Your copy starts at the line containing "The WWE WrestleMania stage at So-Fi Stadium" and ends at the last line of the material below. Reproduce those lines exactly, with no pictures.

◆ INFORMATION SHOWN:
*** Block opens ***

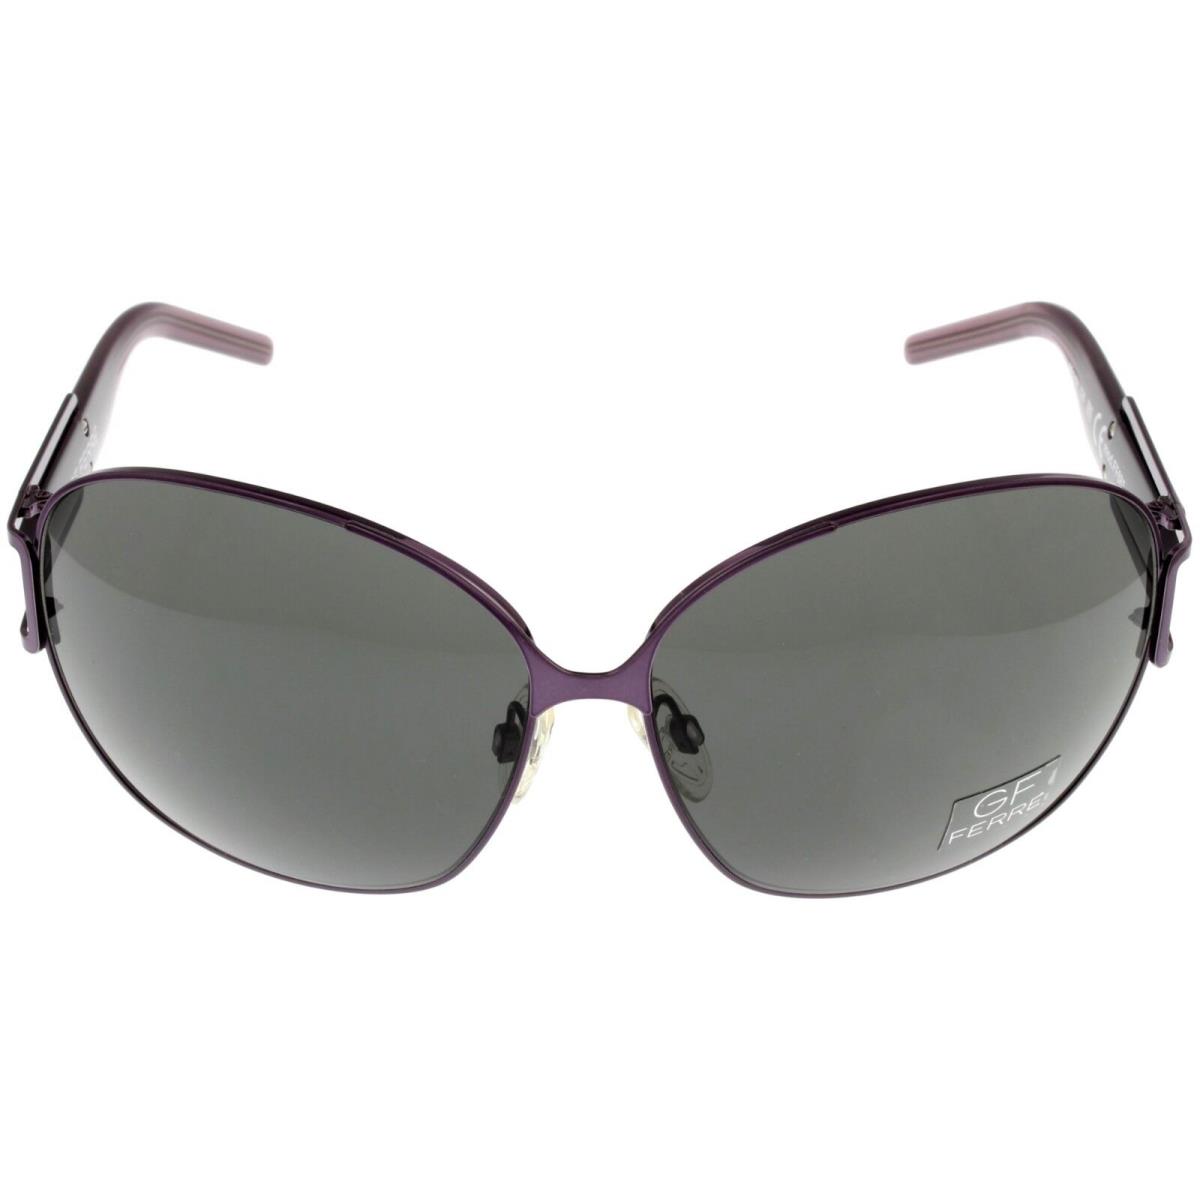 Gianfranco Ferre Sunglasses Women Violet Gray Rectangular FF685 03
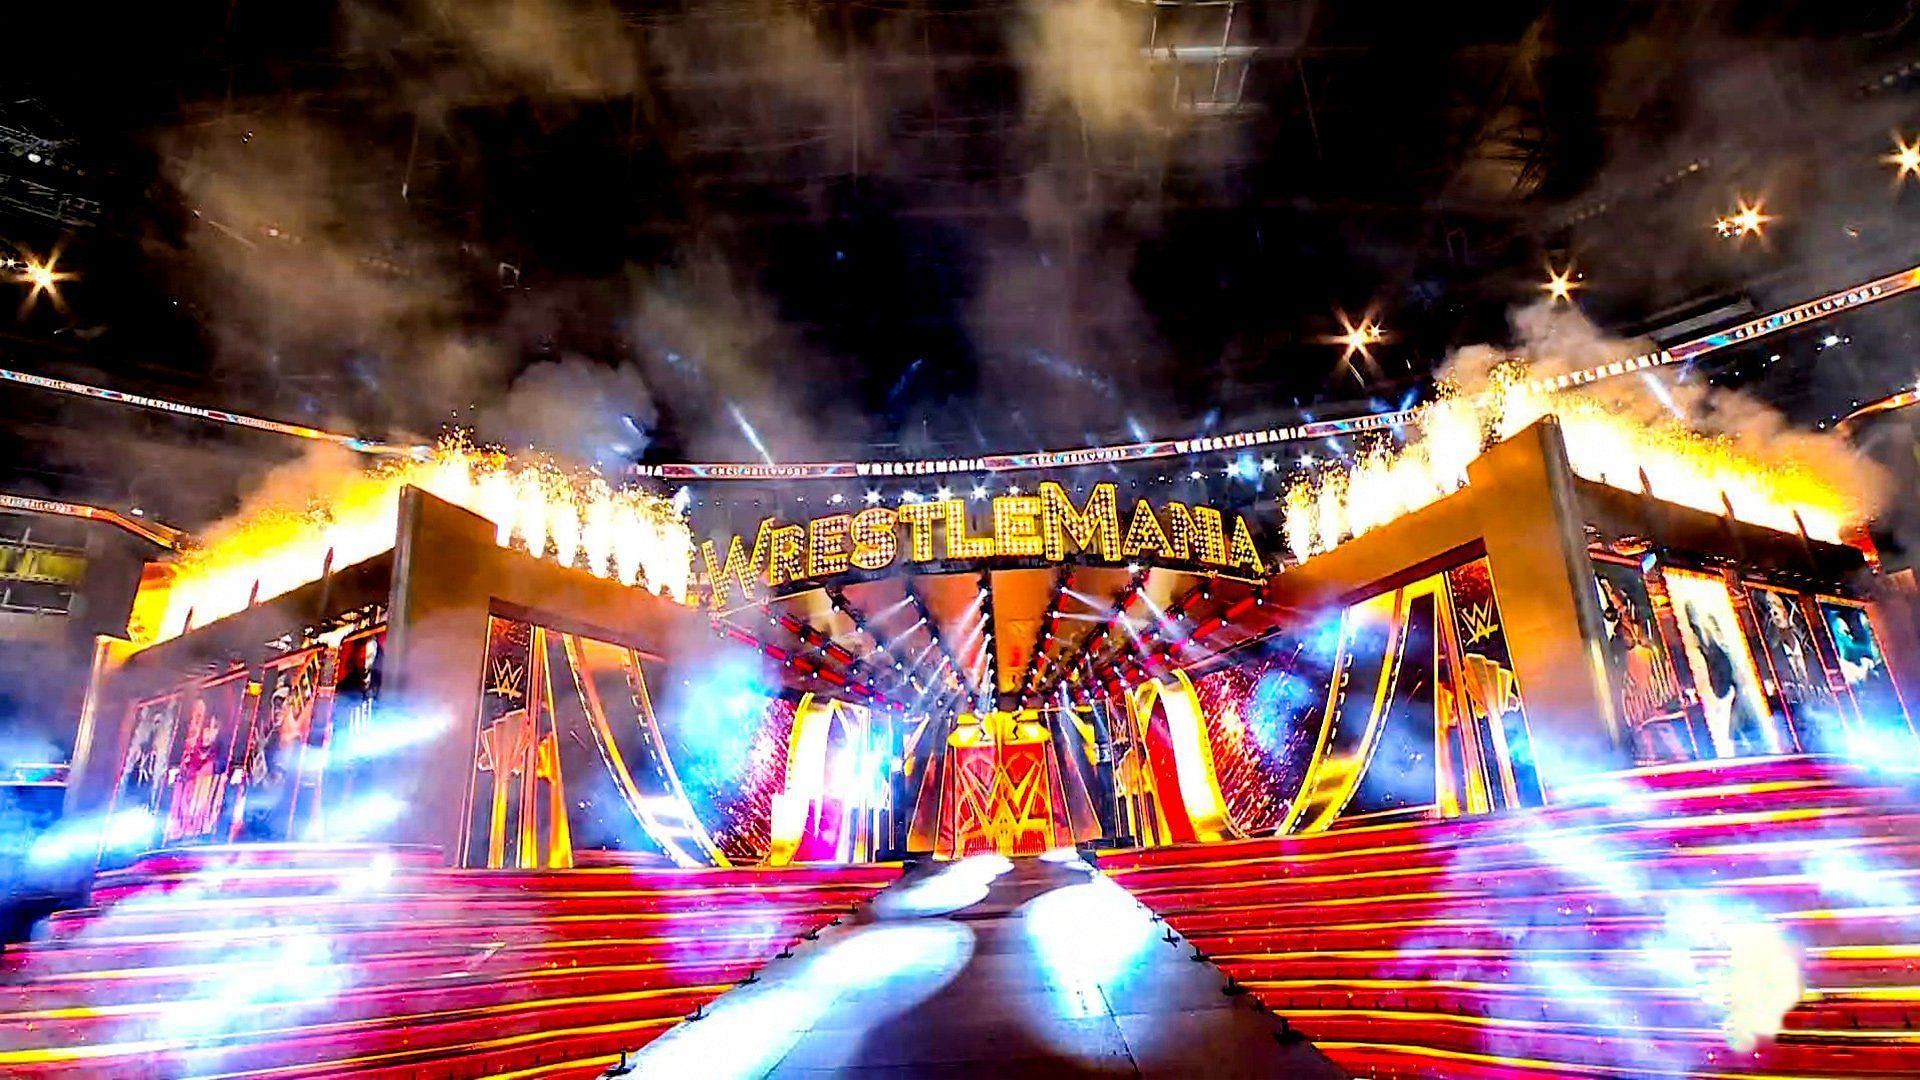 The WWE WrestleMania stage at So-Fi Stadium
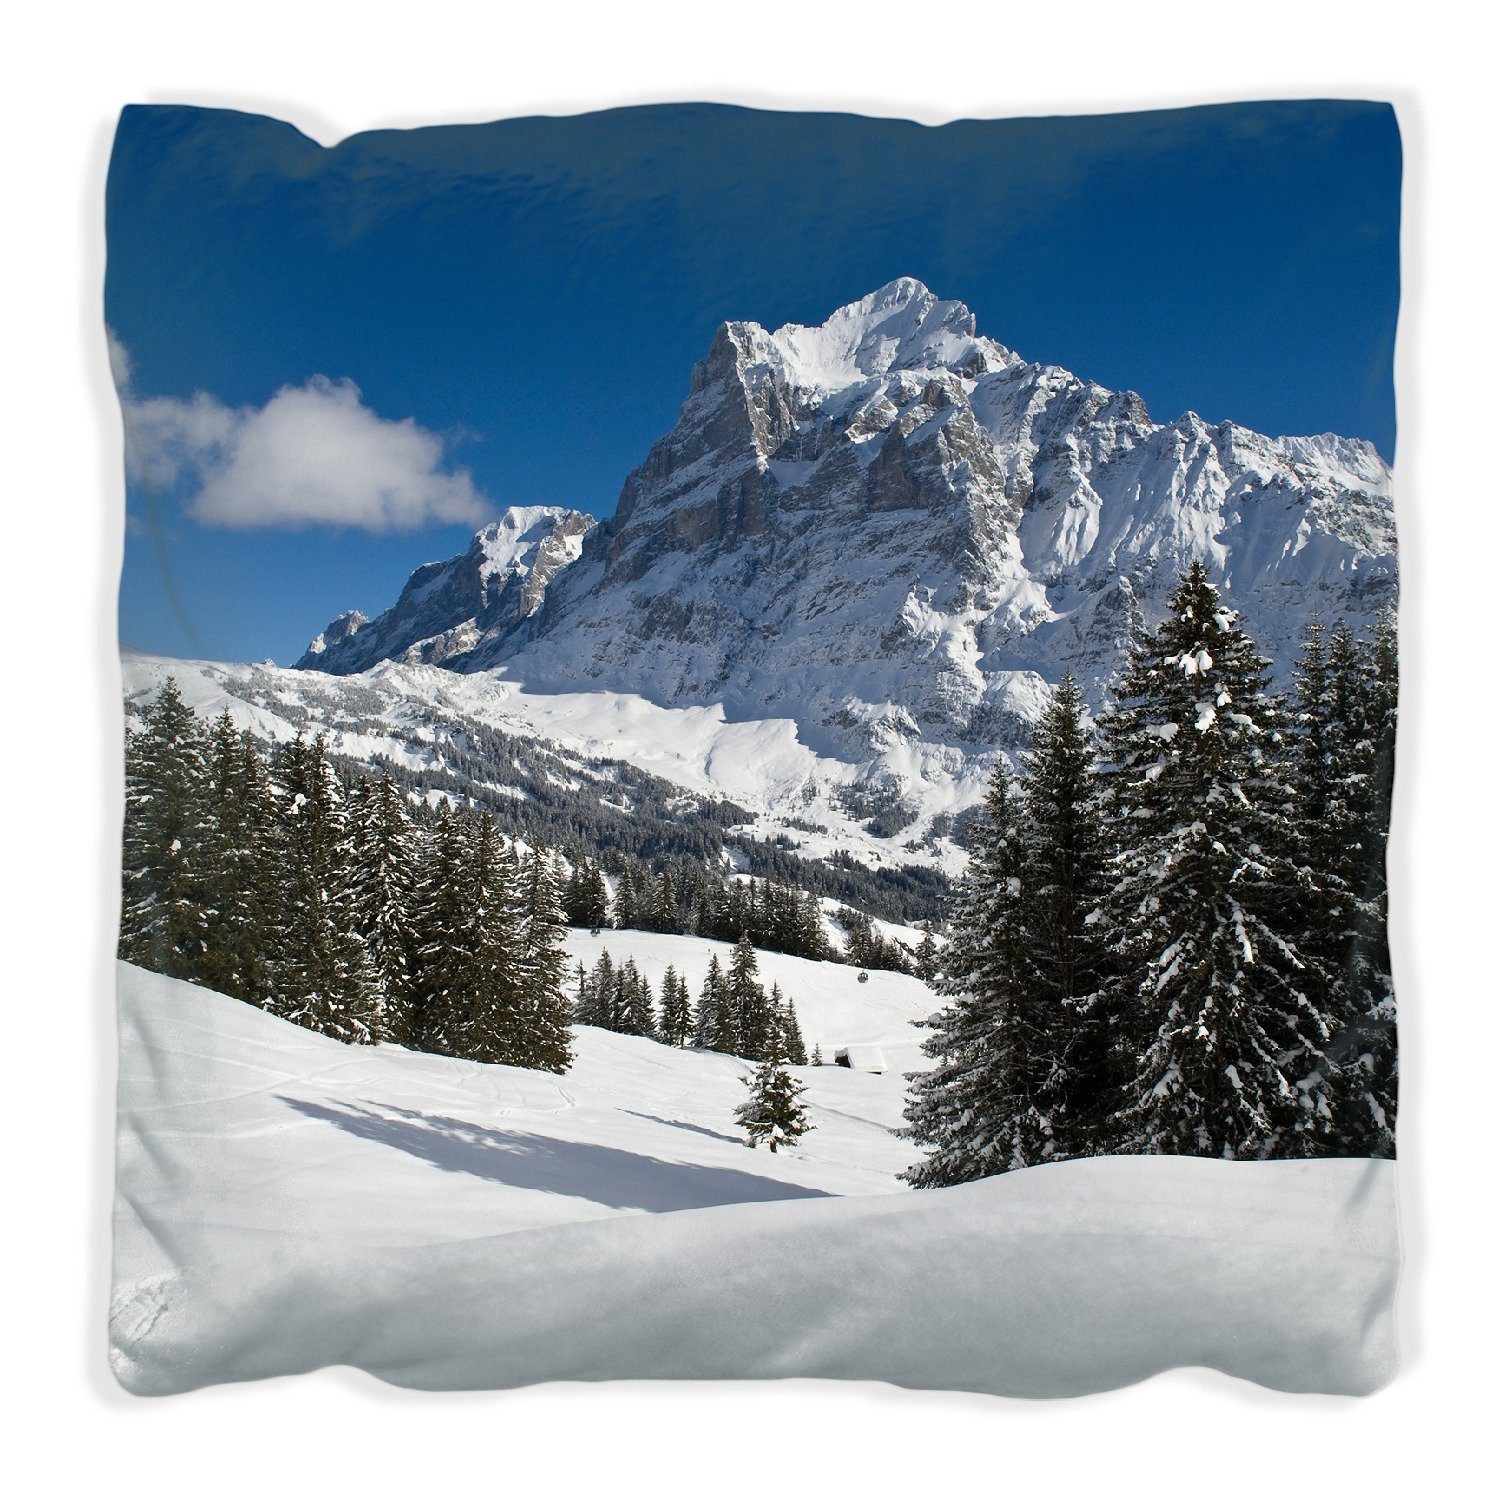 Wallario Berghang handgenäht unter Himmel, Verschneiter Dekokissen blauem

*** Block closes ***

◆ OUTPUT FOR THIS EXERCISE:
 The WWE WrestleMania stage at So-Fi Stadium
 Wallario Berghang handgenäht unter Himmel, Verschneiter Dekokissen blauem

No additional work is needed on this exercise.